Do outro, Aramis aponta que os professores precisam compreender a fase de adaptação e a resistência de muitos estudantes frente à quantidade de aulas e ao cansaço mental, “principalmente em um momento pós pandemia”.

“Os docentes têm que exercitar muito a paciência e saber dosar a quantidade de conteúdo e o ritmo de aprendizagem das turmas para não exigir demais dos estudantes”, afirma.
Aramis Alexandre
Professor de História da Escola de Ensino Médio de Tempo Integral Presidente José Sarney

Apesar de ver aspectos positivos no tempo integral, como a oportunidade de aprofundar conteúdos devido ao tempo que os estudantes têm para exercitar as atividades, o professor aponta que outros momentos de descanso e de "internalização do conhecimento", que não necessariamente precisam ocorrer na escola, também são importantes.

“O ambiente escolar pode ser estimulante, mas também uma distração e não podemos esquecer que estamos lidando com adolescentes e que vivemos ainda uma ‘recuperação’ psicológica, social e econômica de uma pandemia que afetou todos de maneira que ninguém imaginava”, opina.

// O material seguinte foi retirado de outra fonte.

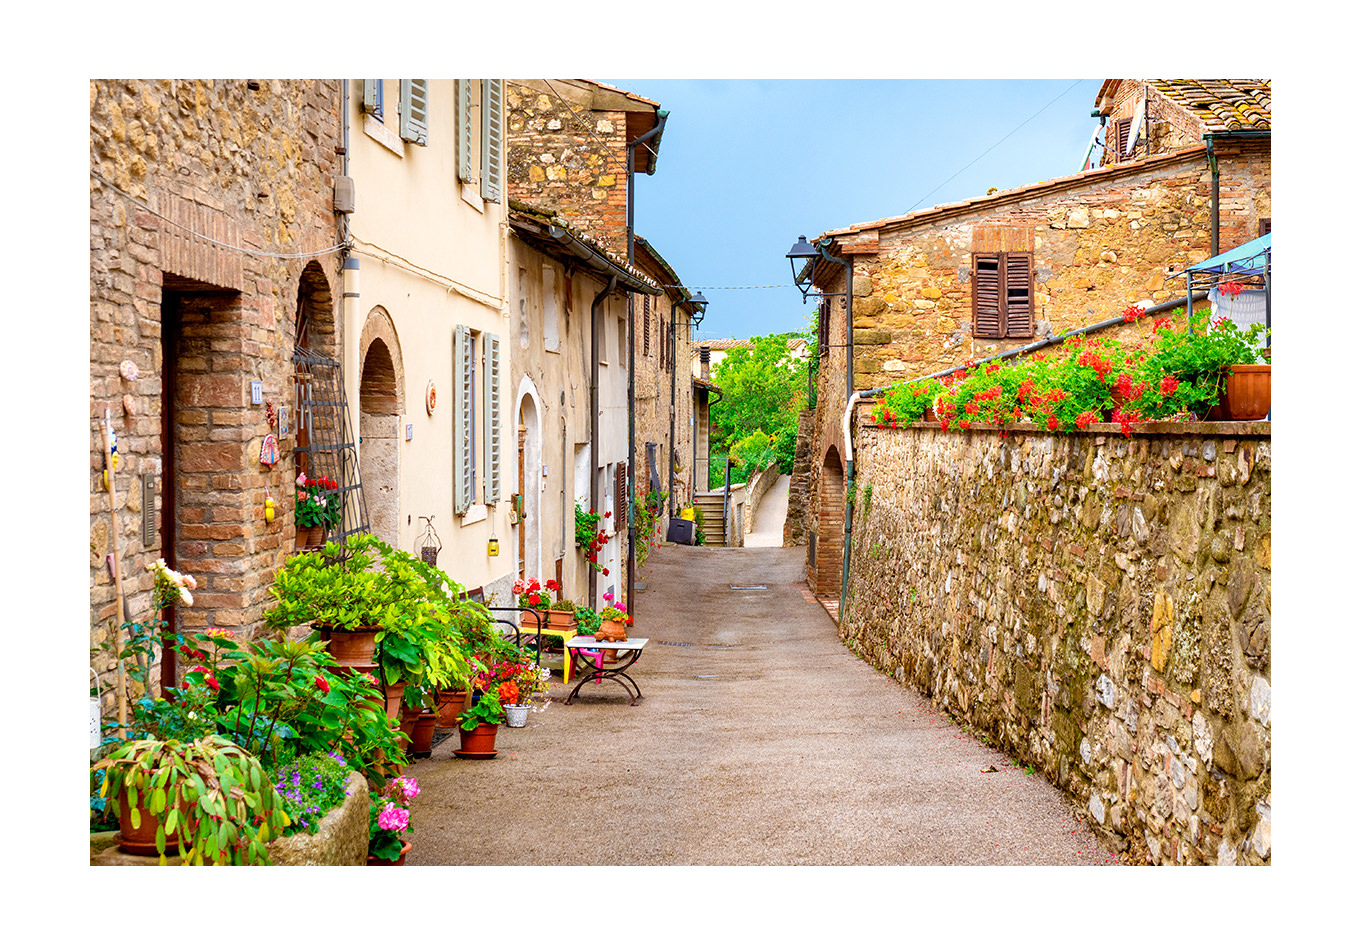 tuscany village photo print for sale

Além disso, Aramis avalia que é necessário mais investimento e que que mais escolas sejam criadas para que haja melhor distribuição de alunos por sala de aula. “Embora existam muitos debates acerca de uma mesma aula ser possível para 20 e 45 estudantes, o acompanhamento não é. (...) A quantidade de alunos precisa ser reduzida”, destaca.

Formação e remuneração dos profissionais, assim como a estrutura das escolas, também são aspectos que precisam de investimento e melhorias, segundo o professor. “As escolas precisam ter salas climatizadas, com cadeiras confortáveis para que os alunos possam passar o dia com uma mínima qualidade de vida, que por sua vez gera mais aprendizagem. Acaba-se sempre batendo na tecla do investimento. O projeto precisa de gastos. Não se tem uma educação de qualidade sem investimentos”, finaliza.